When you open a container, the other containers will automatically become locked (this is a forced choice task). So if the first container you open is not the correct container, you will never be able to retrieve the target object, and will therefore fail the trial.
In some scenes, instead of the turntable rotating, you will be forced to move around the turntable, to either the left or the right, so you end facing the turntable and containers from a different angle. Please see the Engineering Details below for more information.
The turntable will only ever rotate the one time at the beginning. In scenes with forced movement, the turntable will never rotate.

Notes:

You will be restricted to only using Pass actions until the turntable finishes rotating (or, in some scenes, until you are forced to move). While “frozen”, you will be able to clearly see all of the containers, the turntable, and the target object as it is placed into a container.
In some scenes, forced movement will be performed by returning the action you must invoke in your next controller.step call (like "MoveLeft" or "MoveRight") via the StepMetadata.action_list property, in the same way you are forced to use only “Pass” actions during other specific steps (see the previous bullet).
In Eval 6, the containers and lids in these scenes are always the same size, shape, and color.
- These containers can be opened using the OpenObject action, just like other containers. The lid will always open on the opposite side from where you are standing.
- These containers will be a consistent shape (cuboid) and color (green) for all Eval 6 scenes, which we hope will simplify the training of your systems. New shapes or colors may be introduced in Eval 7.
- Scenes with these containers will restrict you to use only Pass actions before the lid is placed onto the container, which happens at the beginning of the trial, before the “exploration” phase.
- Your teams are able to use the ILE Scene Generator to make scenes with these containers (either with the lid on them from the start of the scene, or with the lid placed on them by a placer during the course of the scene) – please see our ILE API documentation for details.
Information about the turntables (giant grey rotating cogs):
- Turntables in evaluation scenes will rotate at a consistent speed of 5 degrees per action step, either clockwise or counter-clockwise.
- Objects and agents on top of a turntable (including the AI) will rotate along with the turntable.
- Turntables will be a consistent height, shape (cog), and color (grey) for all Eval 6 scenes, though their radii may change across different scenes.
- Scenes with turntables will restrict you to use only Pass actions while the turntable is rotating, which happens at the beginning of the trial, before the “exploration” phase.

Shell Game

Summary:

Shell Game tasks require a common-sense understanding of tracking objects as they move.
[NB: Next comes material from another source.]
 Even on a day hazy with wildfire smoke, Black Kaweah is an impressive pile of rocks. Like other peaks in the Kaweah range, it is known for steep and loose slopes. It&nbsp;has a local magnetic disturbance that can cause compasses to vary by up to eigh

You must watch (using the Pass action) as a soccer ball is deposited into one of the containers in the room, and lids are placed on all of the containers; then poles will descend from the ceiling and move one or more of the containers to new locations. You must identify which container holds the soccer ball, approach it, use OpenObject on it to open it, and then use PickupObject on the ball to pick it up, which completes the scenario. This is a “forced choice” task: once you open one container, you are unable to open other containers. Please note that sometimes the containers are moved before the soccer ball is deposited.

shell_game_ex_1.mp4

shell_game_ex_2.mp4

shell_game_ex_3.mp4

shell_game_ex_4.mp4

Details:

You start in a room looking at two or three identical open containers positioned in a line near each other. After the scene begins, a placer holding the target object (soccer ball) descends from the ceiling and releases the target object into one of the containers. Then placers holding lids descend from the ceiling and release the lids, attaching one to the top of each container. Finally, a placer descends from the ceiling, attaches itself to the container holding the target object, drags the container across the floor to a new location, and releases the container. This dragging motion always moves the container toward you, then sideways, then away from you, which sometimes occludes your view of the other container(s). You must determine which container holds the target object, walk up to that container, open it, and pick up the target object.
When you open a container, the other containers will automatically become locked (this is a forced choice task). So if the first container you open is not the correct container, you will never be able to retrieve the target object, and will therefore fail the trial.
In some scenes, the container will be dragged before the target object is placed into it and the containers' lids are attached.
In some scenes, another placer will descend from the ceiling, attach itself to a second container (one that is not holding the target object), drag it across the floor to a new location, and release it. This means that two of the containers will have moved since the beginning of the scene.

Notes:

You will be restricted to only using Pass actions until the lids are attached to their respective containers. While “frozen”, you will be able to clearly see all of the containers and the target object as it is placed into a container.
In Eval 6, the containers and lids in these scenes are always the same size, shape, and color.
- These containers can be opened using the OpenObject action, just like other containers. The lid will always open on the opposite side from where you are standing.
- These containers will be a consistent shape (cuboid) and color (green) for all Eval 6 scenes, which we hope will simplify the training of your systems. New shapes or colors may be introduced in Eval 7.
- Scenes with these containers will restrict you to use only Pass actions before the lid is placed onto the container, which happens at the beginning of the trial, before the “exploration” phase.
- Your teams are able to use the ILE Scene Generator to make scenes with these containers (either with the lid on them from the start of the scene, or with the lid placed on them by a placer during the course of the scene) – please see our ILE API documentation for details.

Spatial Reference

Summary:

Spatial Reference tasks require a common-sense understanding of agency. You must watch (using the Pass action) as both an agent and a “blob” move and “point” to a container on one side of the room. You must use the agent’s point (and ignore the blob) to determine which container holds the soccer ball, approach it, use OpenObject to open it, and then use PickupObject on the ball to pick it up, which completes the scenario. This is a “forced choice” task: once you walk off the platform onto one side of the room, you are unable to move to the other side of the room. Agents can be identified by their facial features (blobs don’t have faces) and their autonomous movement (blobs “move” by rotating on turntables).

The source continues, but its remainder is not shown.